All of lore.kernel.org
 help / color / mirror / Atom feed
From: Keith Busch <kbusch@kernel.org>
To: Hannes Reinecke <hare@suse.de>
Cc: Daniel Wagner <dwagner@suse.de>, Sagi Grimberg <sagi@grimberg.me>,
	Jens Axboe <axboe@fb.com>, Christoph Hellwig <hch@lst.de>,
	linux-nvme@lists.infradead.org, linux-kernel@vger.kernel.org
Subject: Re: [PATCH] nvme-tcp: Check if request has started before processing it
Date: Wed, 3 Mar 2021 03:45:29 +0900	[thread overview]
Message-ID: <20210302184529.GB22346@redsun51.ssa.fujisawa.hgst.com> (raw)
In-Reply-To: <8eb26510-03e1-7923-0f47-2a8d3d539963@suse.de>

On Tue, Mar 02, 2021 at 08:18:40AM +0100, Hannes Reinecke wrote:
> On 3/1/21 9:59 PM, Keith Busch wrote:
> > On Mon, Mar 01, 2021 at 05:53:25PM +0100, Hannes Reinecke wrote:
> >> On 3/1/21 5:05 PM, Keith Busch wrote:
> >>> On Mon, Mar 01, 2021 at 02:55:30PM +0100, Hannes Reinecke wrote:
> >>>> On 3/1/21 2:26 PM, Daniel Wagner wrote:
> >>>>> On Sat, Feb 27, 2021 at 02:19:01AM +0900, Keith Busch wrote:
> >>>>>> Crashing is bad, silent data corruption is worse.
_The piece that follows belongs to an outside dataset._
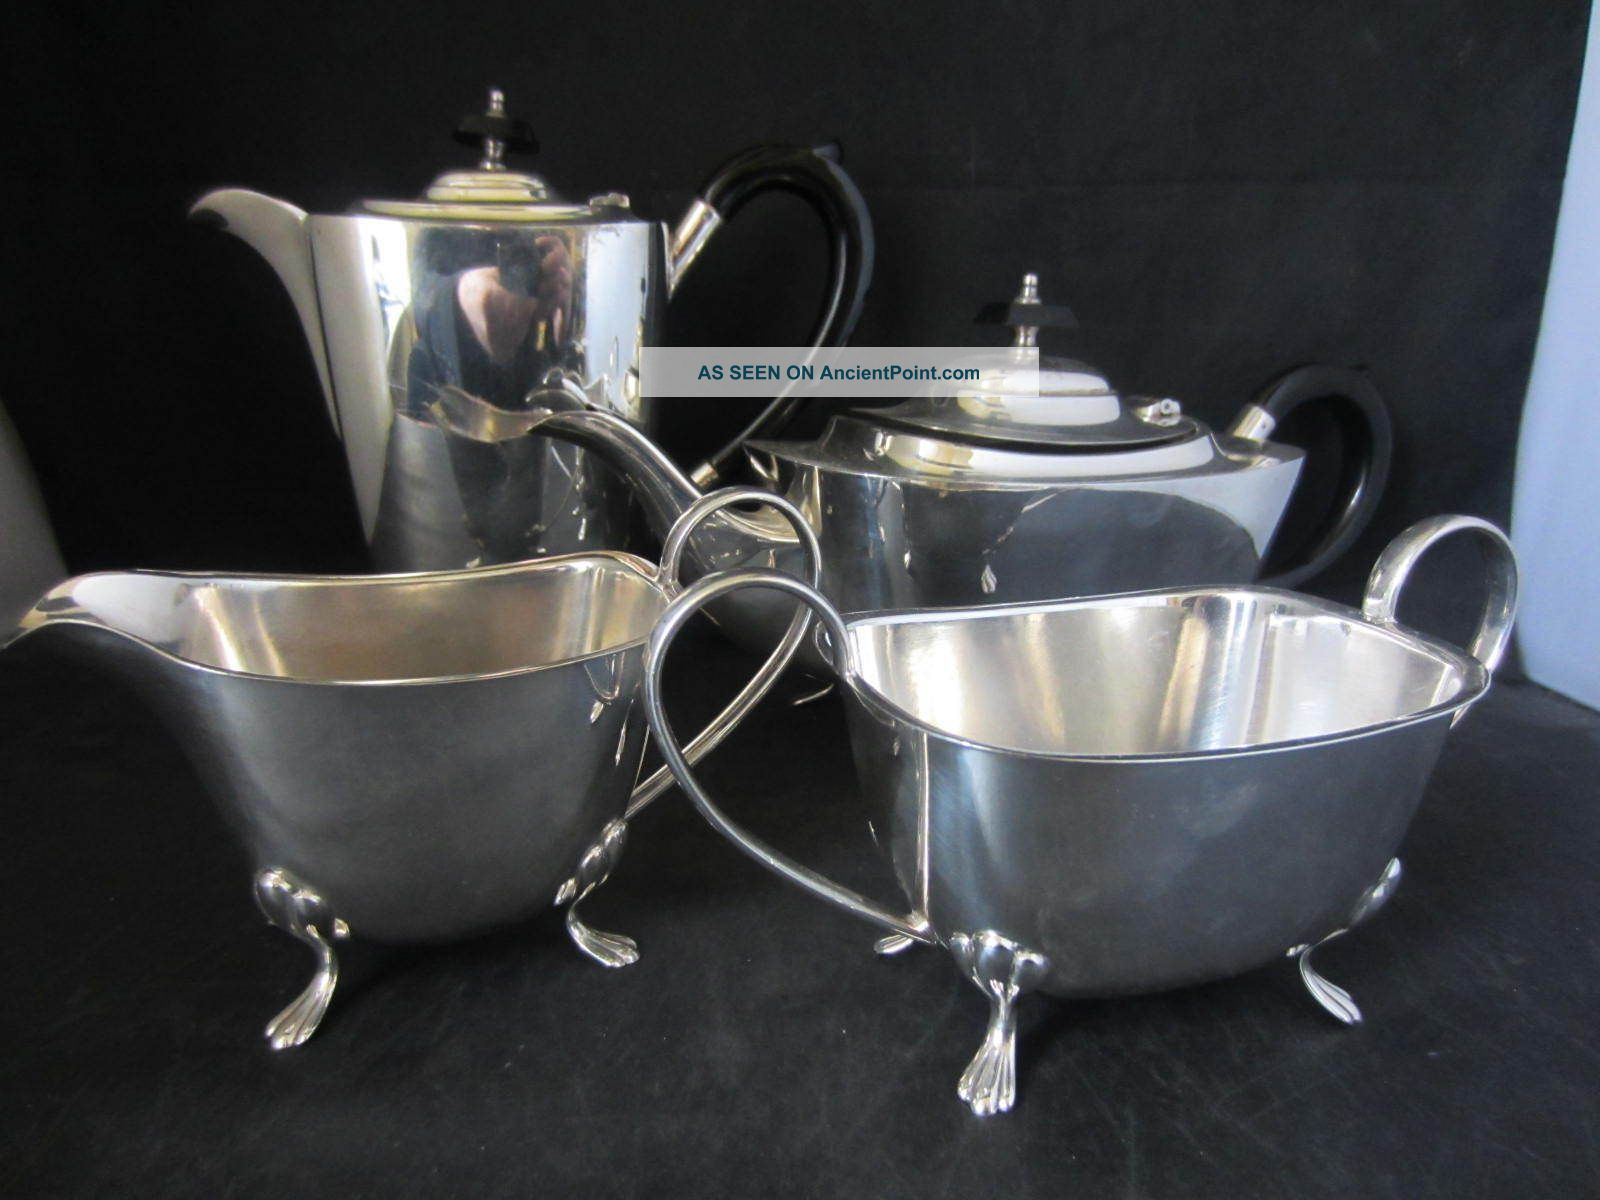 4 Piece Silver Plated Tea Set / Service - Water / Coffee Pot Teapot Jug & Bowl Tea/Coffee Pots & Sets photo

Is there truly no
> >>>>>> defense against that? If not, why should anyone rely on this?
> >>>>>
> >>>>> If we receive an response for which we don't have a started request, we
> >>>>> know that something is wrong. Couldn't we in just reset the connection
> >>>>> in this case? We don't have to pretend nothing has happened and
> >>>>> continuing normally. This would avoid a host crash and would not create
> >>>>> (more) data corruption. Or I am just too naive?
> >>>>>
> >>>> This is actually a sensible solution.
> >>>> Please send a patch for that.
> >>>
> >>> Is a bad frame a problem that can be resolved with a reset?
> >>>
> >>> Even if so, the reset doesn't indicate to the user if previous commands
> >>> completed with bad data, so it still seems unreliable.
> >>>
> >> We need to distinguish two cases here.
> >> The one is use receiving a frame with an invalid tag, leading to a crash.
> >> This can be easily resolved by issuing a reset, as clearly the command was
> >> garbage and we need to invoke error handling (which is reset).
> >>
> >> The other case is us receiving a frame with a _duplicate_ tag, ie a tag
> >> which is _currently_ valid. This is a case which will fail _even now_, as we
> >> have simply no way of detecting this.
> >>
> >> So what again do we miss by fixing the first case?
> >> Apart from a system which does _not_ crash?
> > 
> > I'm just saying each case is a symptom of the same problem. The only
> > difference from observing one vs the other is a race with the host's
> > dispatch. And since you're proposing this patch, it sounds like this
> > condition does happen on tcp compared to other transports where we don't
> > observe it. I just thought the implication that data corruption happens
> > is a alarming.
> > 
> Oh yes, it is.
> But sadly TCP inherently suffers from this, as literally anyone can
> spoof frames on the network.
> Other transports like RDMA or FC do not suffer to that extend as
> spoofing frames there is far more elaborate, and not really possible
> without dedicated hardware equipment.
> 
> That's why there is header and data digest; that will protect you
> against accidental frame corruption (as this case clearly is; the
> remainder of the frame is filled with zeroes).
> It would not protect you against deliberate frame corruption; that's why
> there is TPAR 8010 (TLS encryption for NVMe-TCP).
> 
> Be it as it may, none of these methods are in use here, and none of
> these methods can be made mandatory. So we need to deal with the case at
> hand.
> 
> And in my opinion crashing is the _worst_ options of all.
> Tear the connection down, reset the thing, whatever.
> 
> But do not crash.
> Customers tend to have a very dim view on crashing machines, and have a
> very limited capacity for being susceptible to our reasoning in these cases.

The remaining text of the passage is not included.